KMJM
- Cedar Rapids, Iowa; United States;
- Frequency: 1360 kHz
- Branding: Leo 1360

Programming
- Format: Oldies

Ownership
- Owner: iHeartMedia, Inc.; (iHM Licenses, LLC);
- Sister stations: KKRQ, KKSY-FM, KOSY-FM, KXIC, WMT

History
- First air date: September 10, 1961
- Former call signs: KHAK (1961–1995); KTOF (1995–2001);

Technical information
- Licensing authority: FCC
- Facility ID: 54164
- Class: D
- Power: 1,000 watts (day); 124 watts (night);
- Transmitter coordinates: 41°55′28″N 91°36′55″W﻿ / ﻿41.92444°N 91.61528°W
- Translator: 101.5 K268CY (Cedar Rapids)

Links
- Public license information: Public file; LMS;
- Webcast: Listen Live
- Website: 1360kmjm.iheart.com

= KMJM (AM) =

Radio station in Cedar Rapids, Iowa

KMJM (1360 AM) is a radio station licensed to serve Cedar Rapids, Iowa. The station is owned by iHeartMedia, Inc. and licensed to iHM Licenses, LLC. It airs an oldies music format including Cedar Rapids Roughriders hockey, Coe College football, and serves as an overflow station for University of Iowa men's and women's basketball when games conflict with another Hawkeye event airing on sister station WMT.

==History==
The Cedar Rapids allocation for 1360 AM signed on in September 1961, alongside its FM sister station at 98.1 FM, both taking on the call letters KHAK. Both stations formatted country music—although not exclusively until sometime later in the 1960s—and for many years, the AM signal was duplicated on the FM frequency.

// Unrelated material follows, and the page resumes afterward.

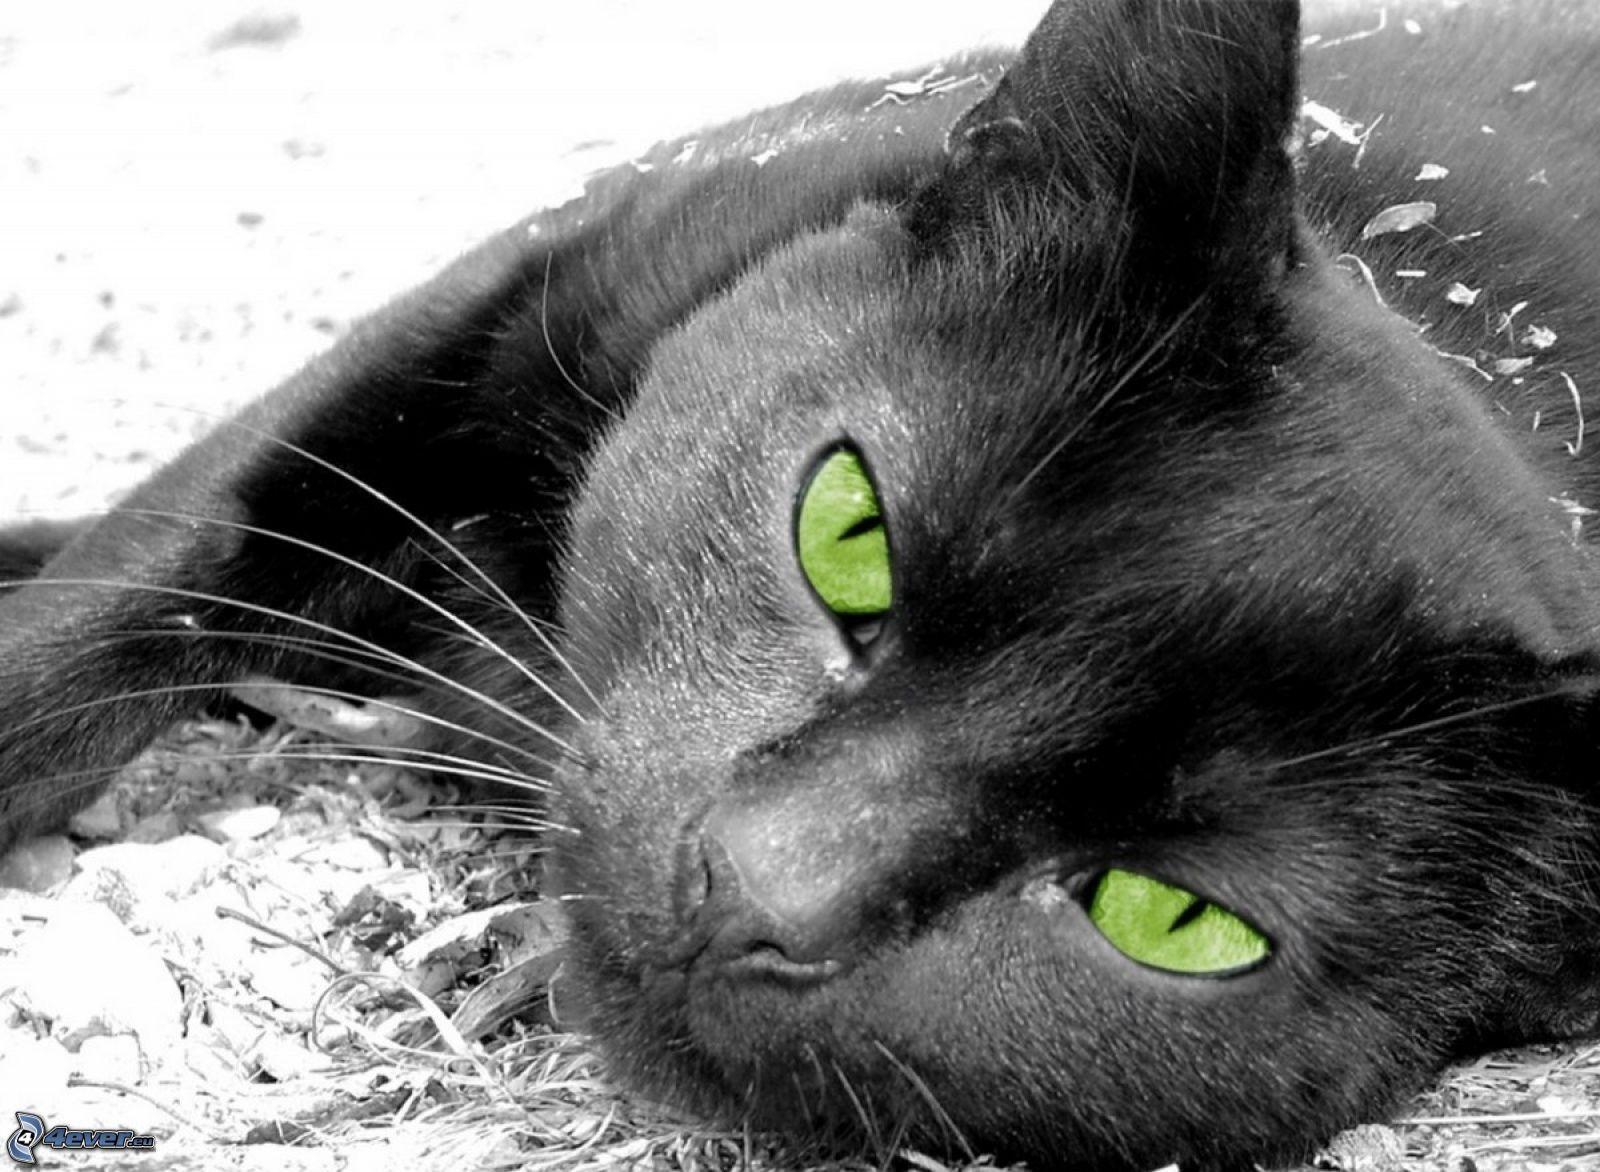 chats aux yeux verts. Black Bedroom Furniture Sets. Home Design Ideas

On March 6, 1995, KHAK changed its format to contemporary Christian as KTOF, and was a simulcast of KWOF in Hiawatha. On December 19, 2001, the station switched call signs to the current KMJM and began airing a nostalgia format of "American music classics" from the 1930s and 1940s. KMJM would later flip to sports talk as "1360 The Fan".

On January 11, 2010, KMJM changed its format to classic country.

On October 10, 2017, KMJM flipped to adult standards, branded as "Leo 1360". The station had been airing one adult standards-nostalgia based program in the past, "Jim Doyne's Musical Memories", airing at noon Sundays, prior to the format switch.

Every year during the first week of November, KMJM drops its regular format and plays Christmas music.

On May 4, 2020, at midnight, KMJM changed their format to oldies, while retaining the "Leo 1360" moniker.